5.5.       Additional Protection of Proprietary Rights . Client shall not infringe or violate, and shall take appropriate steps and precautions for the protection of, KabelSync’s Proprietary Rights in the Licensed Materials and Confidential Information. Without limiting the generality of the foregoing, Client shall (a) prevent any Unauthorized Use of the Licensed Materials and Confidential Information, and (b) not make any portion of the Licensed Materials or Confidential Information available to any third party without the prior written consent of KabelSync. Client, upon notice of any Unauthorized Use of the Licensed Materials, shall immediately notify KabelSync of such Unauthorized Use. In the event of any Unauthorized Use relating to the activities of Client or any of its employees, agents, or representatives of any such entity, Client shall take all steps reasonably necessary to terminate such Unauthorized Use and to retrieve any copy of any portion of the Licensed Materials and/or Confidential Information in the possession or control of the person or entity engaging in such Unauthorized Use. Client shall immediately notify KabelSync of any legal proceeding initiated by Client in connection with any such Unauthorized Use. KabelSync may, at its option and expense, assume control of such proceeding. If KabelSync assumes such control, KabelSync will have exclusive control over the prosecution and settlement of the proceeding, and Client shall provide such assistance related to such proceeding as KabelSync may reasonably request. Client shall assist KabelSync in enforcing any settlement or order made in connection with such proceeding.

6.                Term and Termination .

6.1.       Term . The term of the License granted by KabelSync to Client hereunder will commence upon the Effective Date of this Agreement and shall continue for an initial period of 1 month (the “ Initial Period ”), which term shall be automatically renewed for additional, consecutive one (1) month terms (each a “ Renewal Period ” and, together with the Initial Period, the “ Term ”), unless otherwise terminated in accordance with Section 6.2 through Section 6.7 hereof. The fees described in Schedule C may be adjusted according to KabelSync’s pricing schedule in place at the time of a Renewal Period unless otherwise negotiated at the time of renewal. KabelSync agrees to provide the adjusted Schedule C to Client not less than thirty (30) days prior to renewal.

6.2.       Non - Renewal . Either party may elect to not renew this Agreement by providing the other party with written notice of non-renewal at least thirty (30) days prior to the last day of the Initial Period or the then-current Renewal Period.

6.3.       Termination by Mutual Agreement . This Agreement may be terminated at any time by mutual written agreement between the parties. A phone call confirming the services to be cancelled and the timing of cancellation is required. This call includes but is not limited to a discussion on use and nonuse of licensed materials and returning any materials owned by client. Termination by client occurs 30 days from time of written notice.

6.4.       Termination by Client . This Agreement may be terminated at any time by client via written communication and phone call. A phone call confirming the services cancelled and the timing of cancellation is required. This call includes but is not limited to a discussion on use and nonuse of licensed materials and returning any materials owned by client. Termination by client occurs 30 days from time of written notice.

6.5.       Termination By Either Party for Material Breach .

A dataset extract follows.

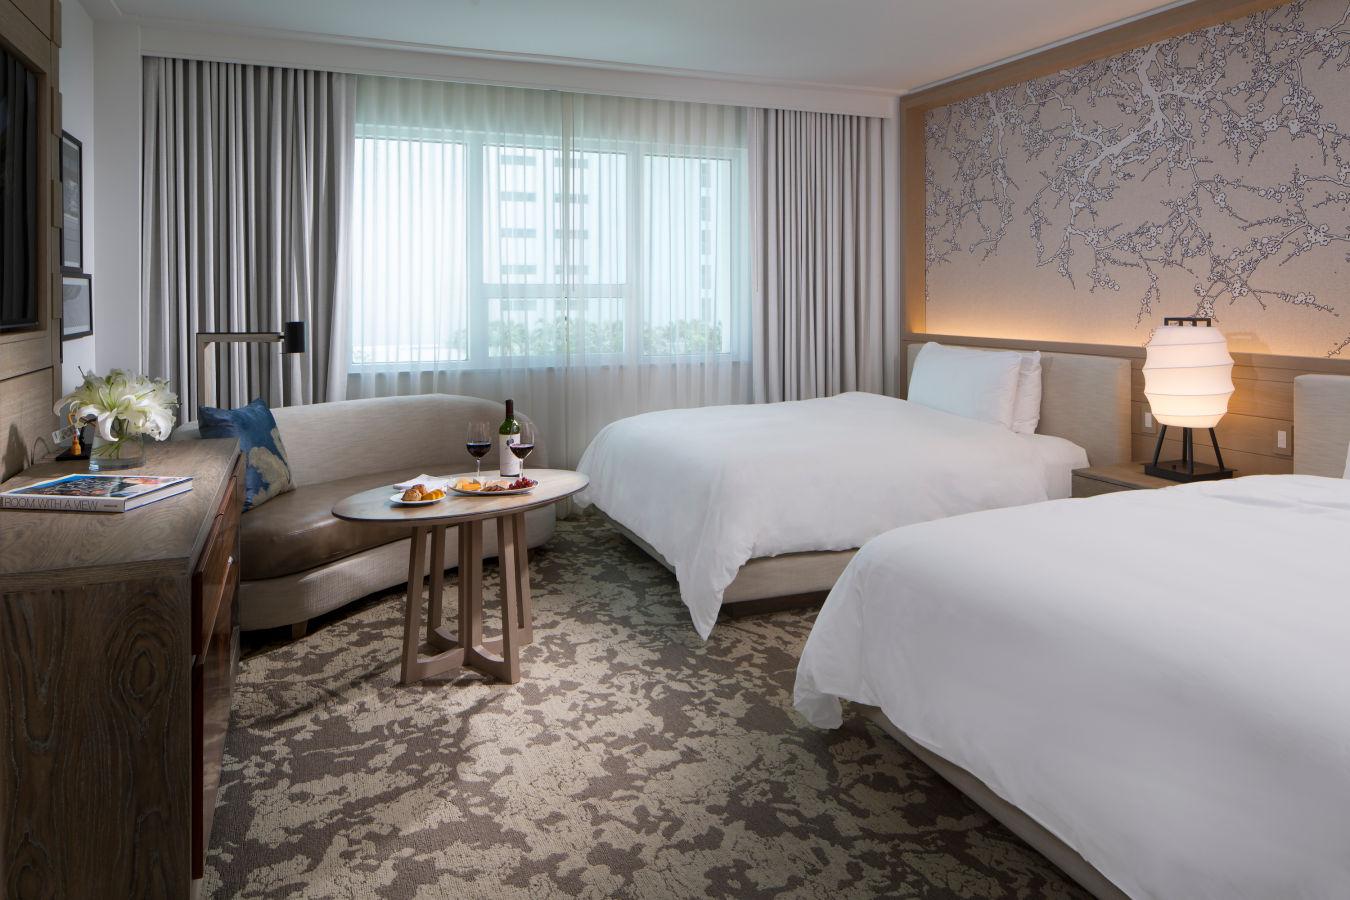 Deluxe Two Queen Bay View - Nobu HotelMiami Beach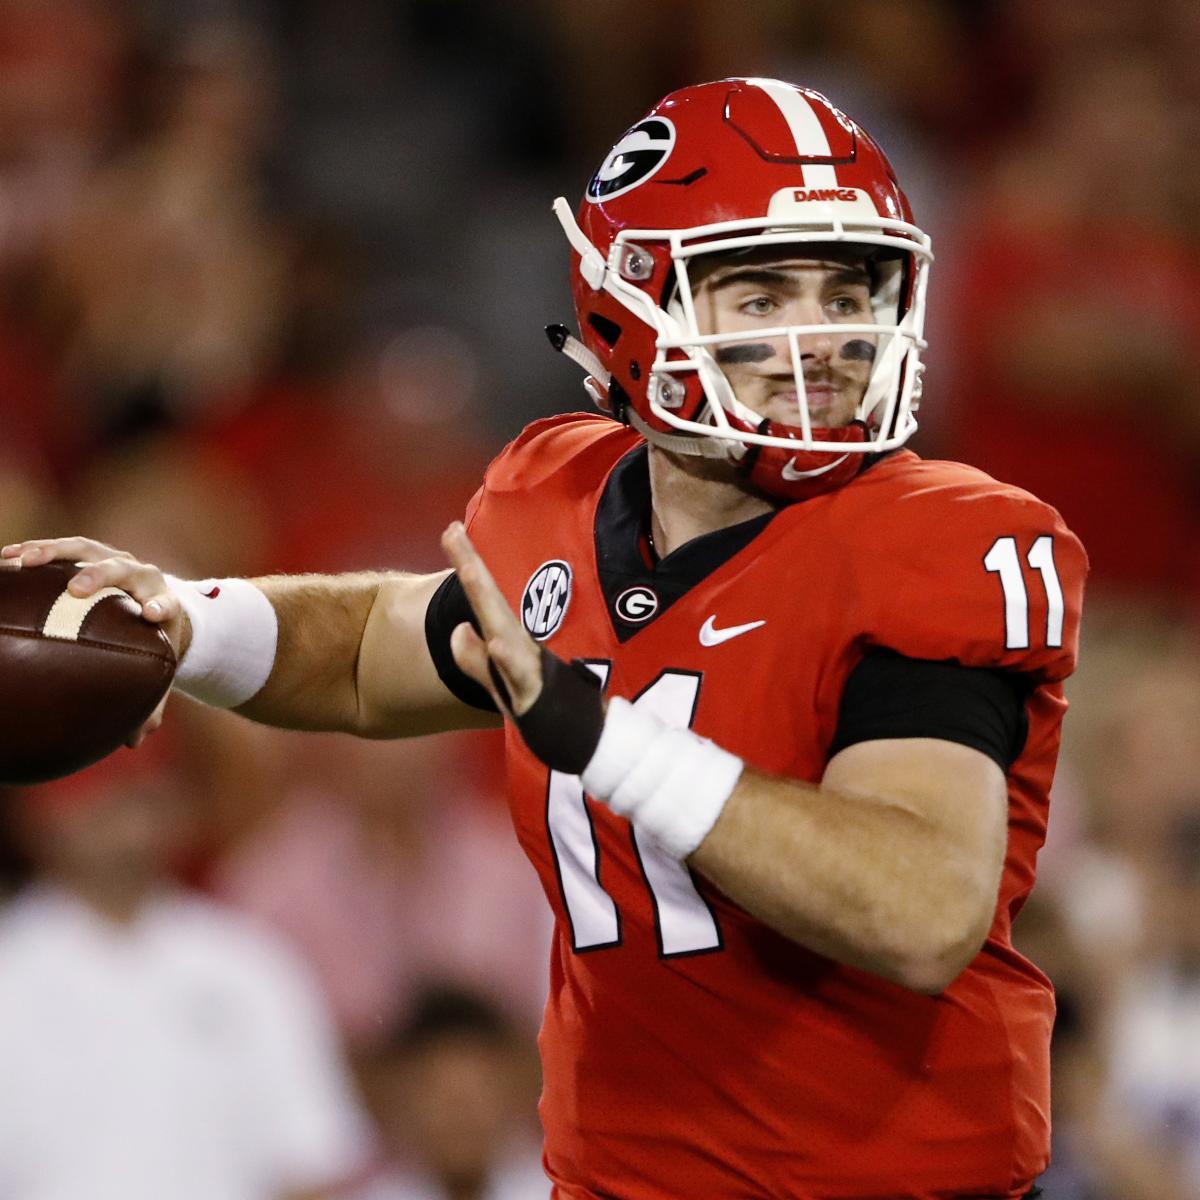 College Football Odds Week 7: Picks, Score Predictions for Top 25 Teams

6.5.1.       Notice of Material Breach or Default. If either party commits a material breach or default in the performance of any of its obligations under this Agreement (the “ Defaulting Party ”) then the other party (the “ Terminating Party ”) may give the Defaulting Party written notice of the breach or default, including, but not limited to, a statement of the facts relating to the breach or default, the provisions of this Agreement, or any applicable supplement or schedule that are in breach or default, the action required to cure the breach or default, and that the Terminating Party intends to terminate the Term pursuant to this Section 6.4.1 if the breach or default is not cured within thirty (30) days after the Defaulting Party’s receipt of such notice (or such later date as may be specified in such notice).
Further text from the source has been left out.